【メソッド3】(???)でインテリアの価値観を向上

 家具・インテリア業界に新たな革命を起こしたいと考える北村さんは、ヨーロッパ家具専門店「リビングハウス サローネ」を作りました。

 「ヨーロッパのブランドだけを取り扱った専門店です。イタリア・ドイツという2カ国は特にインテリアの分野で進歩的です。この2つの国の家具を中心に集めています」と話す北村さん。

家具のワンダーランドを生み出したい

 このビルの特徴は、1階はポップでカラフルな色合いのインテリア、2階は打って変わってシックな色使いで重厚感のあるインテリアが揃うフロアと、それぞれが差異化されています。そして注目は3階。何と表現したらいいでしょうか? ワンダーランドに飛び込んだというか、一見すると普段使いの家のインテリアには向かないような感じさえする斬新なデザインのものばかりがラインアップされています。

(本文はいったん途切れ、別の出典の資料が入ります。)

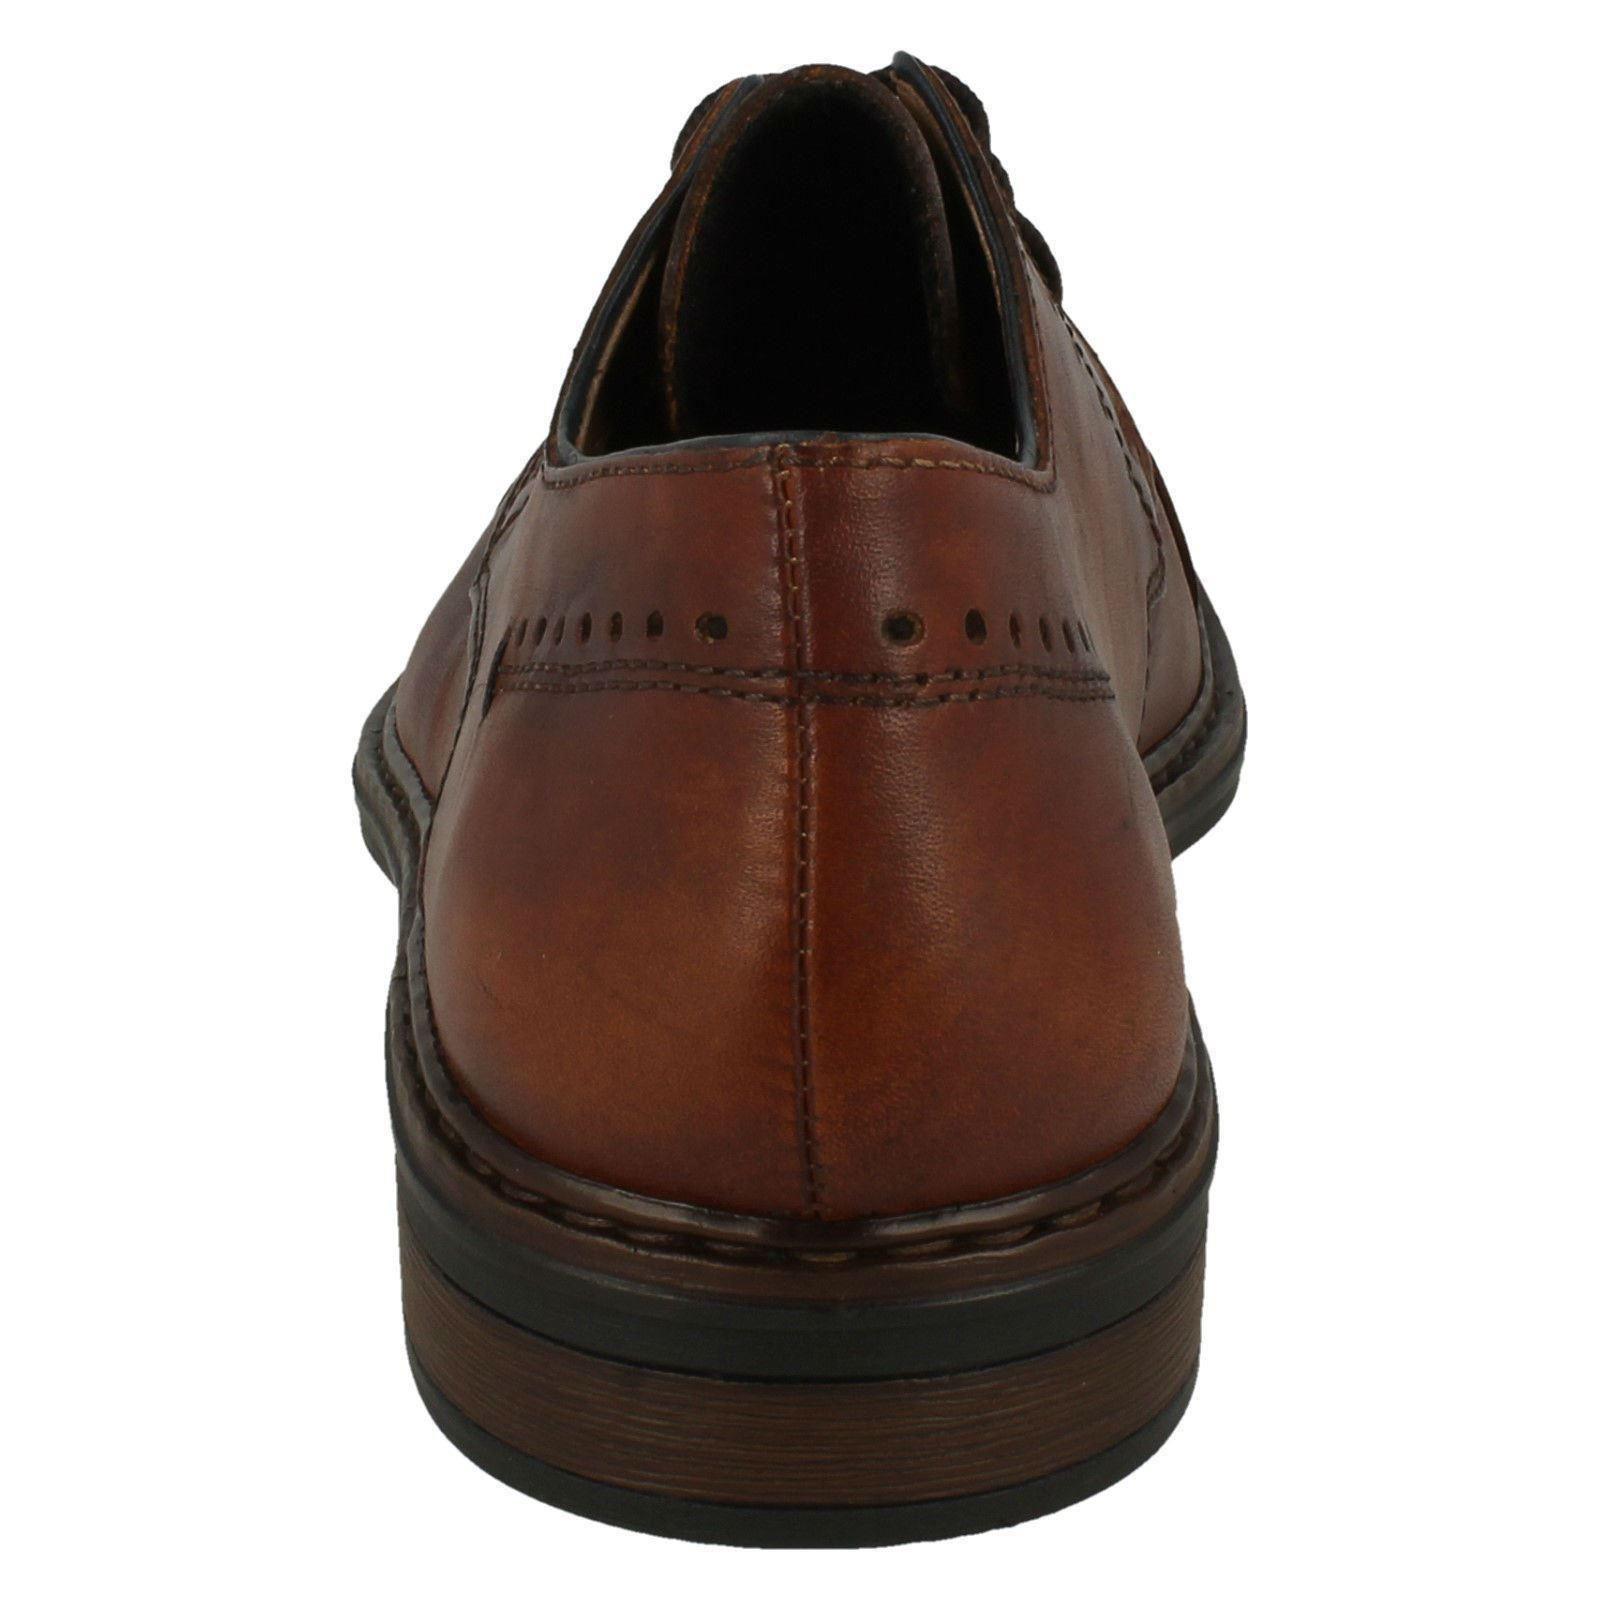 Herren Rieker 17617 Lace Up Leder Smart Formal Toe Cap Schuhes 17617 Rieker 0ad3f9

 「ドイツの『KARE(カレ)』というインテリアブランドです。1点、2点を差し込んで使うと、お部屋がグッと華やかになってリビングが楽しめますよ!」と話す北村さん。

 確かに、どれもこれも斬新なデザインですが、惹きつけて離さない魅力のある商品がラインナップされています。3年前、パリの展示会で初めてKAREに出あったという北村さんは、その奇抜さに大きな衝撃を受けたそうです。しかし、あまりにも奇抜すぎるデザインだったので日本人には受け入れがたいだろうと思い、実験的に少しだけ仕入れてみることにしました。ところが、仕入れたらすぐに商品はどんどん売れていったそうです。

世界で250店舗以上展開しているドイツの有名ブランド「KARE」
世界で250店舗以上展開しているドイツの有名ブランド「KARE」

 実はKAREは世界で250店舗以上展開しているという有名ブランド。

 しかし、日本ではほとんど知られておらず、またその前衛的すぎるデザインから日本で販売しようという会社もありませんでした。そこで北村さんは直接交渉し、日本での独占販売権を得ることに成功します。

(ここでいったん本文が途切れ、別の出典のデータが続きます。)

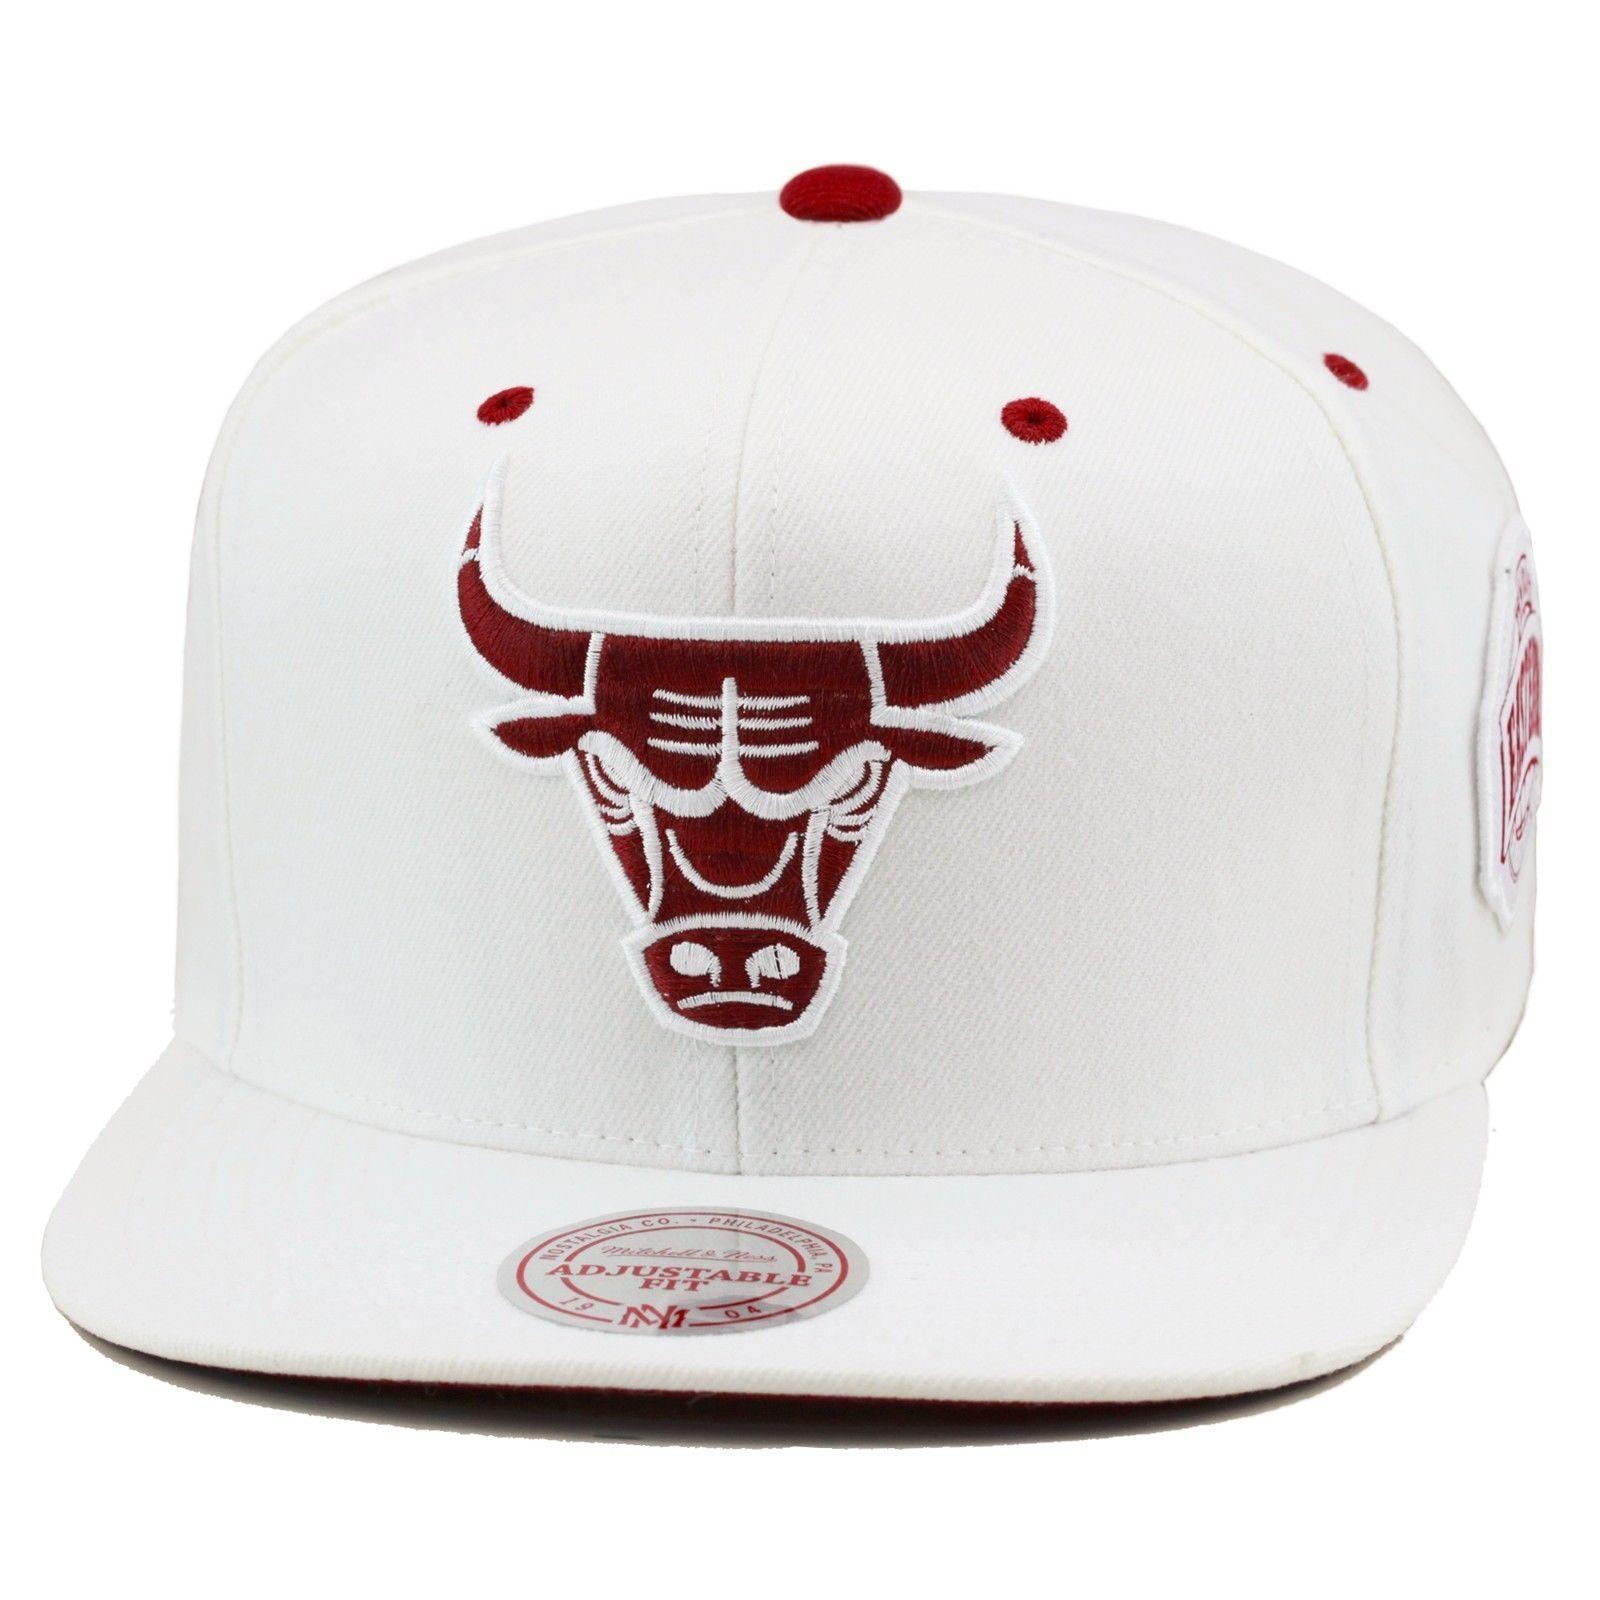 293e1dbd Mitchell & Ness Chicago Bulls Snapback Hat All White/Maroon For Jordan 6  Retro

 2016年9月、大阪梅田のファッションビル「NU茶屋町」に、北村さんはKAREの旗艦店となる巨大店舗をオープンし、ファッションセンスが高い人たちが集まる街で思い切って勝負をかけました。このNU茶屋町は、筆者の会社の近くにあり、通勤の行き帰りに前を通っているのですが、正直、ロゴ見て何のお店か知りませんでした。恥ずかしい限りです。

 ちなみに、この日、テレビ番組の収録が終わり、ゲスト・おのののかさんは、さっそく茶屋町の「KARE」に行ったそうです。その気持ち分かります。筆者も同じでした。お店の商品を見ているだけで、飽きることのない不思議な空間です。結果、この旗艦店は「ここにしかない!」インテリアを求める方々で連日賑わっています。

 そこには北村さんのインテリアに対する思いがありました。
「衣食住という言葉がありますが、日本では『住』の地位が、あまり高くありません。その『住』のプライオリティーを引き上げていきたいんです」

 その差を痛感したのは北村さんが家具業界に入る前に見た「ミラノ・サローネ」という世界最大級の展示会。規模の大きさとおしゃれさ、そしてインテリアがファッションの一部として受け入れられていることに衝撃を受けました。

 そこで、あえて奇抜な「KARE」を日本に導入し、インテリアに対する日本人の価値観をもっと向上させていきたいというのが、北村さんの思いです。

 目を引く海外インテリアと比べて、日本の国産家具メーカーは厳しい環境に置かれているそうです。北村さんは国産家具メーカーの良さも、もっと知ってもらいたいと考えています。

 そこで、メーカーであるナガノインテリアと小売店であるリビングハウスがコラボレーションで、ナガノインテリアの工場の横に連なる出荷場に、体験型インテリアショップ「ウッドランド」を作りました。ここウッドランドでは、子どもが体験できる家具作りのワークショップや、木の家具やおもちゃで遊べるキッズプレィエリア、そして、子どもも楽しめる工場見学を企画しています。

 「西洋のインテリアが進んでいるのは、子どもの時に親と一緒に何度もショップに行っていることがあります。子どもの頃から家具に親しめる環境を作りたかったんです」と、北村さん。

 メーカーと小売店が、タッグを組んでビジネスを展開することは、昔は考えられなかったそうですが、日本の家具メーカーを応援したい、そして何より、子どもの頃から家具に親しんでもらいたい、という熱い思いがこのコラボレーションを実現させました。